Scan the data for "para" and copy each matching line.

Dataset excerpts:
* * * * * * * * *

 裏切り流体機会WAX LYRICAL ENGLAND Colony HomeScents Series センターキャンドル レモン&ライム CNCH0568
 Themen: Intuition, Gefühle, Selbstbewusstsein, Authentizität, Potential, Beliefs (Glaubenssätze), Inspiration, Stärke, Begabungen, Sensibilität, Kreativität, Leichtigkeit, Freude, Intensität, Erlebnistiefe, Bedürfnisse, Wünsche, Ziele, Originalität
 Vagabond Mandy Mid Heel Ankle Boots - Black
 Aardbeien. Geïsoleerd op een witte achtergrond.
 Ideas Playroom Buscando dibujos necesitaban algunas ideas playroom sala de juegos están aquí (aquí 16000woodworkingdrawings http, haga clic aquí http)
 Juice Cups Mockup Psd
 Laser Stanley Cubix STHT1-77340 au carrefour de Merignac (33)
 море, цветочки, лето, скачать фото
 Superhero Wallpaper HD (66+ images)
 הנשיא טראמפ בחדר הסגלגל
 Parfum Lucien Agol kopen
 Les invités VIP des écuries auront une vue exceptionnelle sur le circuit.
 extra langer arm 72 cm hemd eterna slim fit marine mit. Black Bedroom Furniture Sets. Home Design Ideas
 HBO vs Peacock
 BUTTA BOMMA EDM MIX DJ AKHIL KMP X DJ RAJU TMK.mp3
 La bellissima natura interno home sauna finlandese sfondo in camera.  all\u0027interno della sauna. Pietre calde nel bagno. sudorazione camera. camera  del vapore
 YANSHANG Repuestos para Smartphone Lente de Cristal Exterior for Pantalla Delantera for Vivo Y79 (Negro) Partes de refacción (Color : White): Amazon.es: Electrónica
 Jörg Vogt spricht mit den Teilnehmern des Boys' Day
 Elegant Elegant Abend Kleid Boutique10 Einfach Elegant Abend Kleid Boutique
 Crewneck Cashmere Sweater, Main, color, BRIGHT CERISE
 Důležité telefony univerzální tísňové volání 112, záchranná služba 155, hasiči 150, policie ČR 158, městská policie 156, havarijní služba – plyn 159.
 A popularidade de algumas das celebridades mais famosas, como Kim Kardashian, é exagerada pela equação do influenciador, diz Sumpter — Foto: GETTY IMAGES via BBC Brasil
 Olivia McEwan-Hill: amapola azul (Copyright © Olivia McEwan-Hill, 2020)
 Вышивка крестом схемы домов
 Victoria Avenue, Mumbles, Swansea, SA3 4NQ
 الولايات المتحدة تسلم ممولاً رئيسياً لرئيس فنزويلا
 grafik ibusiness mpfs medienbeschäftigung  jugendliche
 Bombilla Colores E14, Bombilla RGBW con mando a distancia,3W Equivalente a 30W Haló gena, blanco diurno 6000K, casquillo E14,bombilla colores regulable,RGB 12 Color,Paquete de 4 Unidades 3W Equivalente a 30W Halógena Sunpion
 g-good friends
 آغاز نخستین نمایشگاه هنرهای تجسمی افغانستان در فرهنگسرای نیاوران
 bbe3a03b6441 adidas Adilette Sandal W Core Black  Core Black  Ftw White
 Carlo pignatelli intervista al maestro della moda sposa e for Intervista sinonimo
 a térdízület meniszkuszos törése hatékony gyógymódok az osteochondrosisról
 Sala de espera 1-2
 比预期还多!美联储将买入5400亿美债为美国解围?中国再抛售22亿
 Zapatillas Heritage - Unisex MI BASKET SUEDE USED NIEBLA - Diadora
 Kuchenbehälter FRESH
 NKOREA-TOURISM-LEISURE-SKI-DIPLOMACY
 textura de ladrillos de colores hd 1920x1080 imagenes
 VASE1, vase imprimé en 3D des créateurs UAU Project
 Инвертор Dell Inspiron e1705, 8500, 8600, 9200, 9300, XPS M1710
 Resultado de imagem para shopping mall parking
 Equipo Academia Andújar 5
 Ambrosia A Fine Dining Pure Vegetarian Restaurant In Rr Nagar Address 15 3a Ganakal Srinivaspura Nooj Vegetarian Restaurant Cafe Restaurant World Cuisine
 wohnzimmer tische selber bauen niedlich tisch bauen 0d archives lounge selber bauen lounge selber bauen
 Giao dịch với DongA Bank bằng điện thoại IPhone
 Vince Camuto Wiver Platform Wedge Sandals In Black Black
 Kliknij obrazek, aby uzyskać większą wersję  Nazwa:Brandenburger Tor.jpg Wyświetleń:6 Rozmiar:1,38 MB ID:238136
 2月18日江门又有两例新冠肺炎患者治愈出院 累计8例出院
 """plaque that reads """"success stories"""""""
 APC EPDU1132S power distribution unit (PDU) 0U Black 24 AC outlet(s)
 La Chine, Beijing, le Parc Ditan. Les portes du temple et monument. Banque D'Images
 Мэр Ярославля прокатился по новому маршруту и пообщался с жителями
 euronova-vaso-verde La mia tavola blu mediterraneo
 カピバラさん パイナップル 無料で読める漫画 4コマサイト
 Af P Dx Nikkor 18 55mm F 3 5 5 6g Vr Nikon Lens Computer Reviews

* * * * * * * * *

YOUR SOLUTION
 YANSHANG Repuestos para Smartphone Lente de Cristal Exterior for Pantalla Delantera for Vivo Y79 (Negro) Partes de refacción (Color : White): Amazon.es: Electrónica
 Resultado de imagem para shopping mall parking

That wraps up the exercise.